I have a dataset about hedge fund. It contains monthly hedge fund returns and some financial metrics. I calculated metrics for every month from 2010 to 2019 December. (2889 monthly data) I want to binary classification and predict hedge funds' class basis on these metrics for next month. I want make prediction for T+1 from T time. And i want use random forest and other classifiers(Decision Tree,KNN,SVM,logistic regression). I know this dataset is time series problem, how do i convert this to machine learning problem.

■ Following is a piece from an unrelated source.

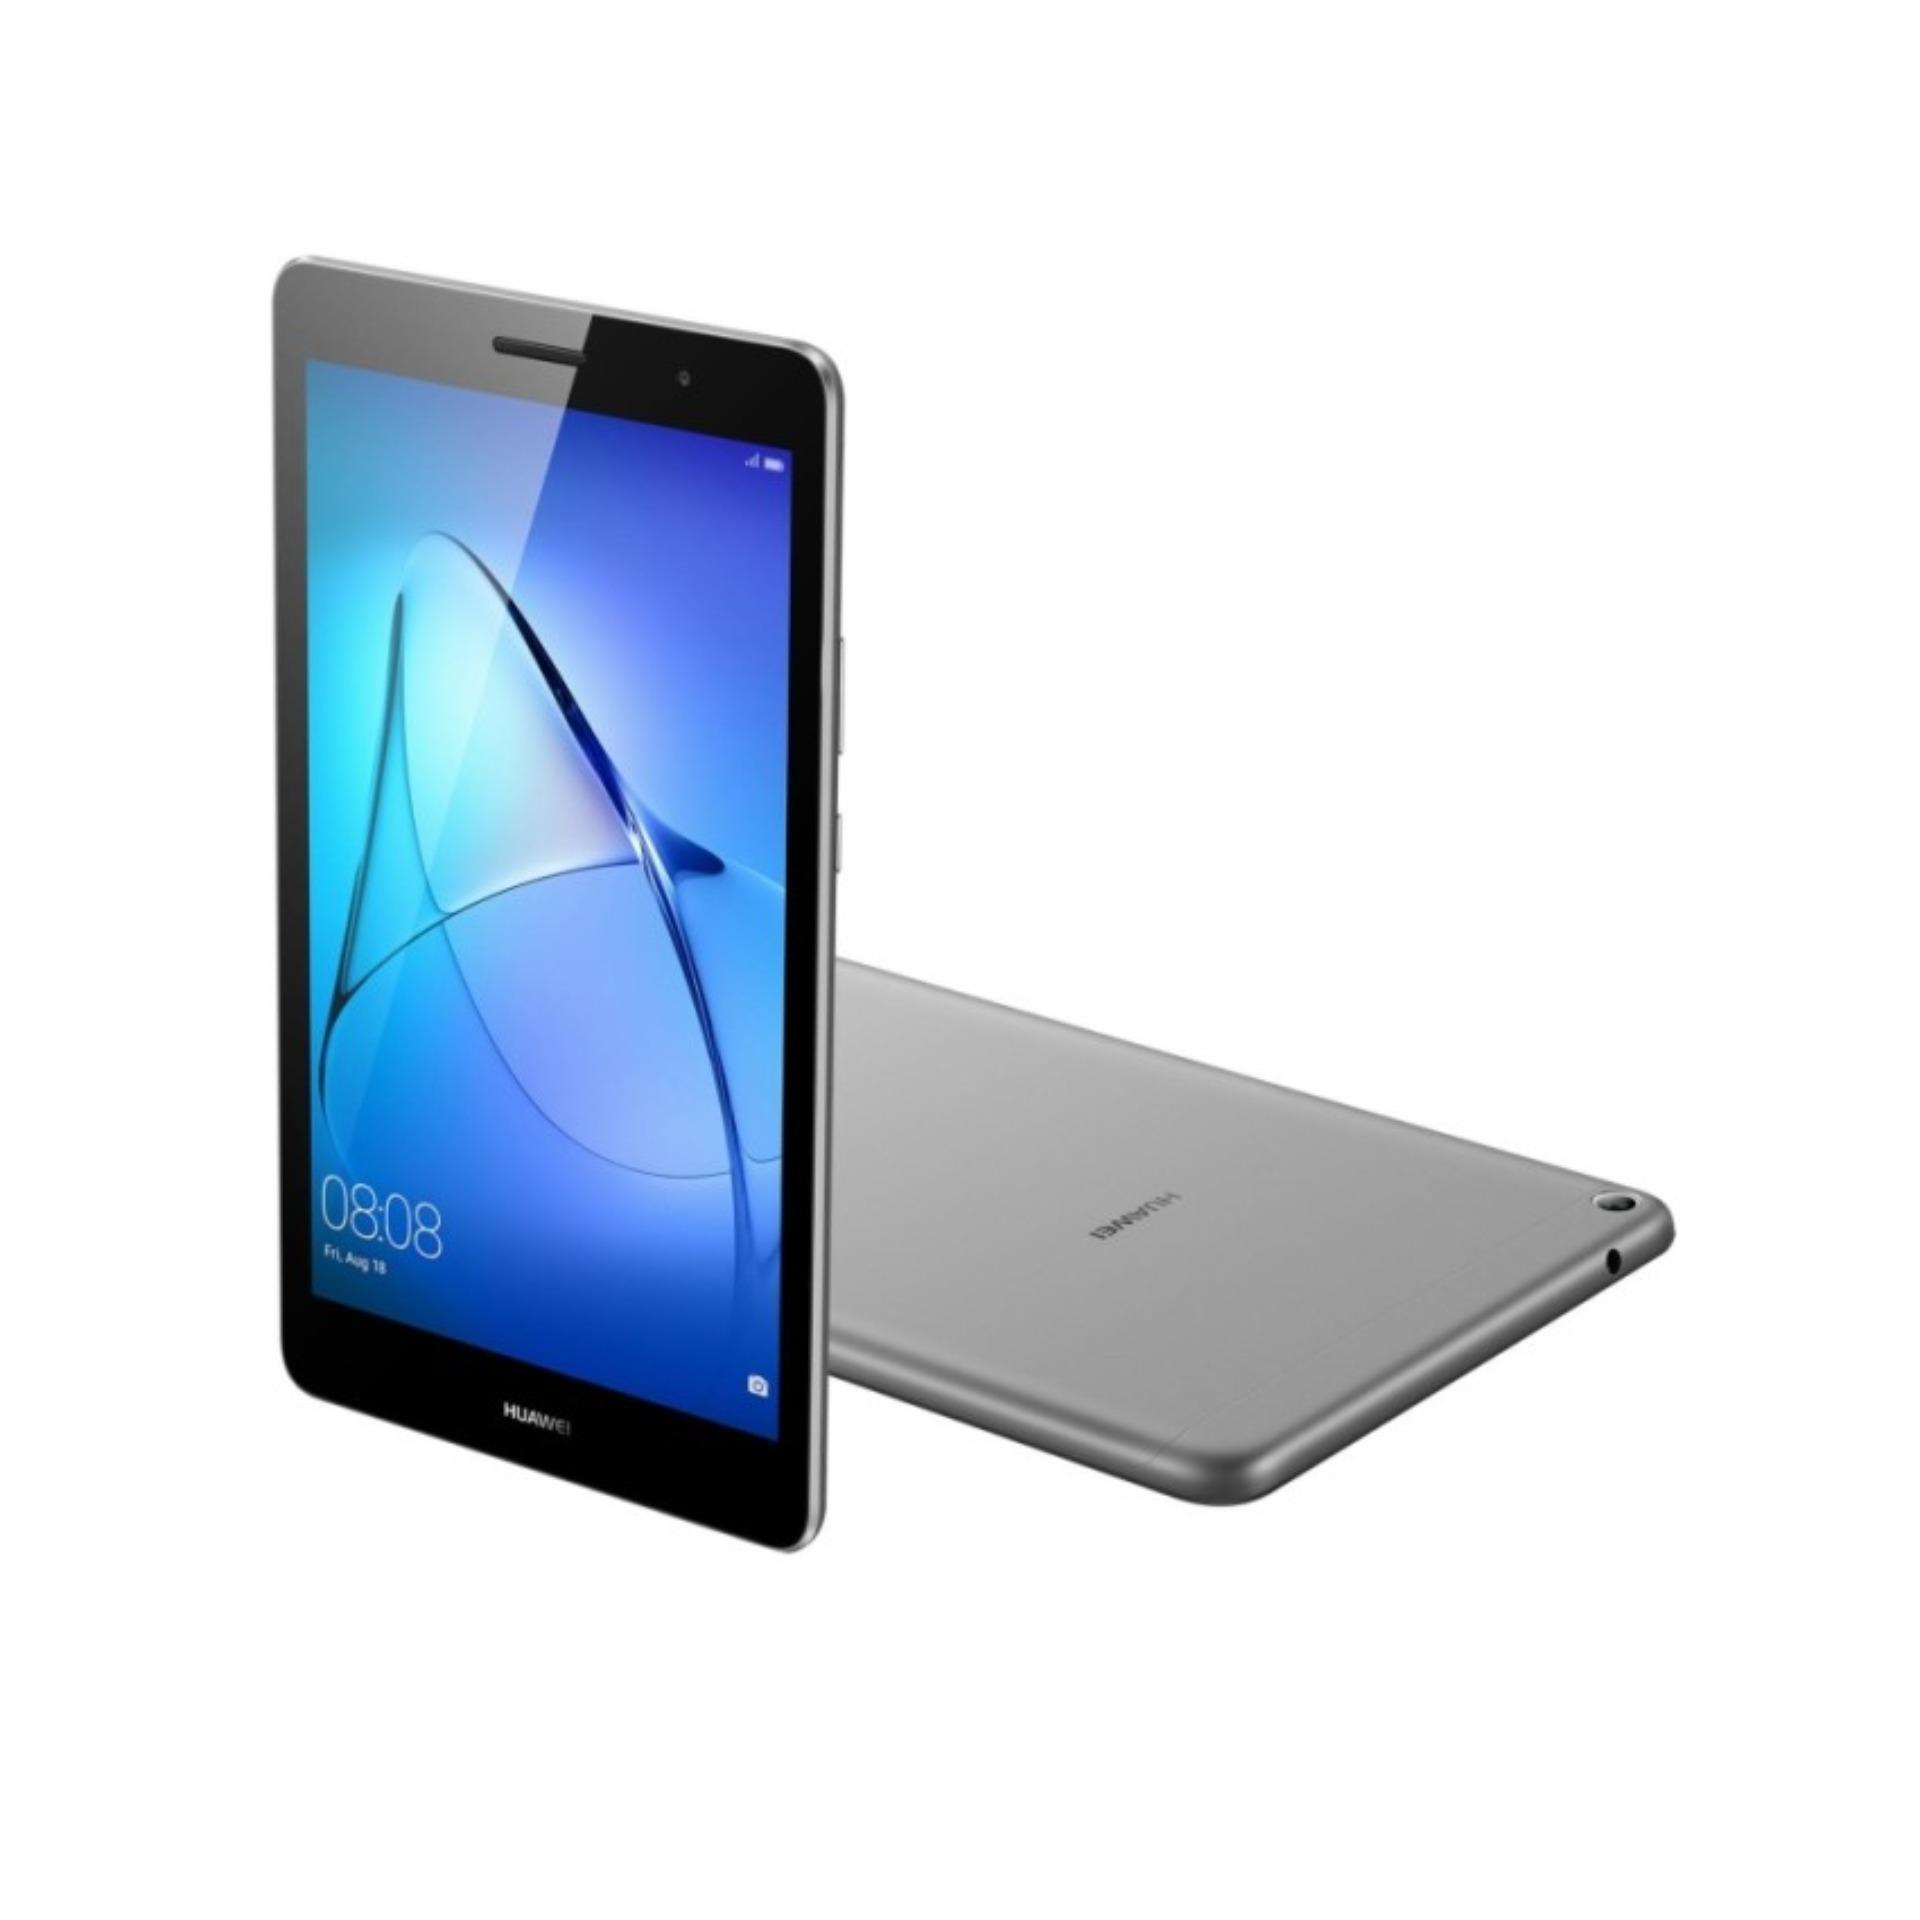 Huawei MediaPad T3 8.0 16GB LTE Tablet
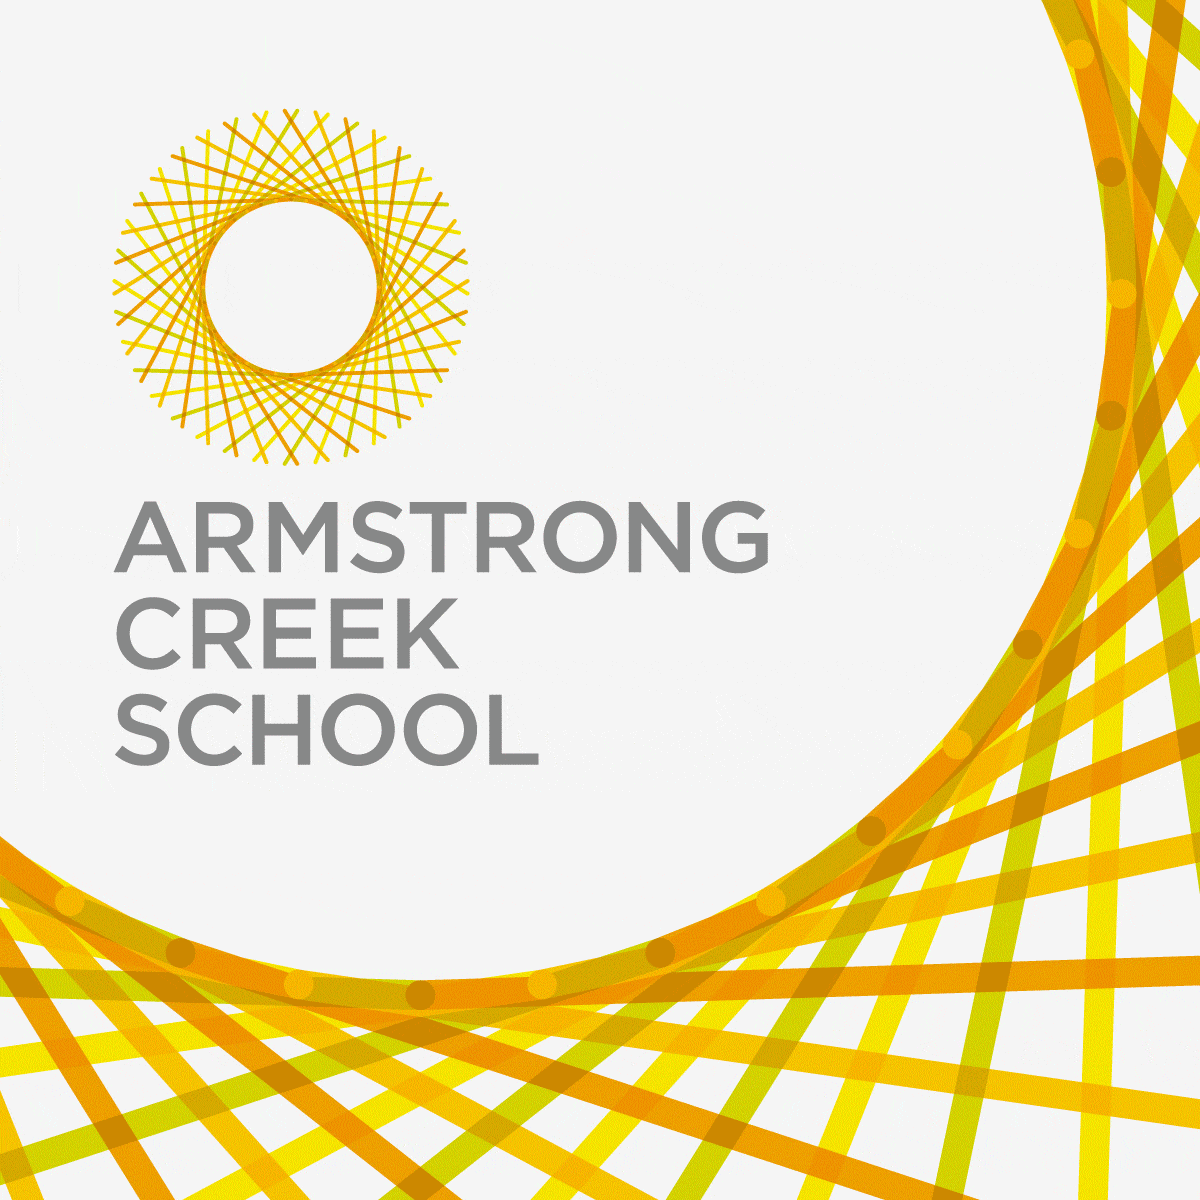 Armstrong Creek School Brand Identity

I am open to your suggestions and advisories as to what method or approach should be followed in modeling, feature engineering and editing this data set.
Additional Questions:
1)How do I make a data split when using this data for training and test ? 0,80-0,20?. Is there any other method of validation you can recommend?
2)some funds are added to the data later, so not all funds have data of equal length, for example, the "AEB" fund established in 2015 has no data before 2015. There are a few such funds, do they cause problems, or is it better to delete them and remove them from the dataset? I have a total of 27 different fund data.
3)In addition, I have changed the tickers/names of the hedge funds to numeric ID, is it possible to do dummy encoding, would it be better for performance?
Sample Dataset:
Date | Fund Name / Ticker | sharpe | sortino | beta | alpha | target |
------------|--------------------|--------|---------|-------|-------|--------|--
31.03.2010 | ABC | -0,08 | 0,025 | 0,6 | 0,13 | 1 |
31.03.2010 | DEF | 0,41 | 1,2 | 1,09 | 0,045 | 0 |
31.03.2010 | SDF | 0,03 | 0,13 | 0,99 | -0,07 | 1 |
31.03.2010 | CBD | 0,71 | -0,05 | 1,21 | 0,2 | 1 |
30.04.2010 | ABC | 0,05 | -0,07 | 0,41 | 0,04 | 0 |
30.04.2010 | DEF | 0,96 | 0,2 | 1,09 | 1,5 | 0 |
30.04.2010 | SDF | -0,06 | 0,23 | 0,13 | 0,23 | 0 |
30.04.2010 | CBD | 0,75 | -0,01 | 0,97 | -0,06 | 1 |
: | : | : | : | : | : | : |
: | : | : | : | : | : | : |
30.12.2019 | ABC | 0,05 | -0,07 | 0,41 | 0,04 | 1 |
30.12.2019 | DEF | 0,96 | 0,2 | 1,09 | 1,5 | 0 |
30.12.2019 | SDF | -0,06 | 0,23 | 0,13 | 0,23 | 0 |
30.12.2019 | CBD | 0,75 | -0,01 | 0,97 | -0,06 | 1 |
30.12.2019 | FGF | 1,45 | 0,98 | -0,03 | 0,55 | 1 |
30.12.2019 | AEB | 0,25 | 1,22 | 0,17 | -0,44 | 0 |
My Idea and First Try:
I modeled one example. I used a method like this, I shifted(-1) back the target variable. So each line was shown the class in which the fund was located in the following month.I did it because of this, I want to predict the next month before that month starts. Predict to T+1 from T.But this model gave a very poor result.(%43)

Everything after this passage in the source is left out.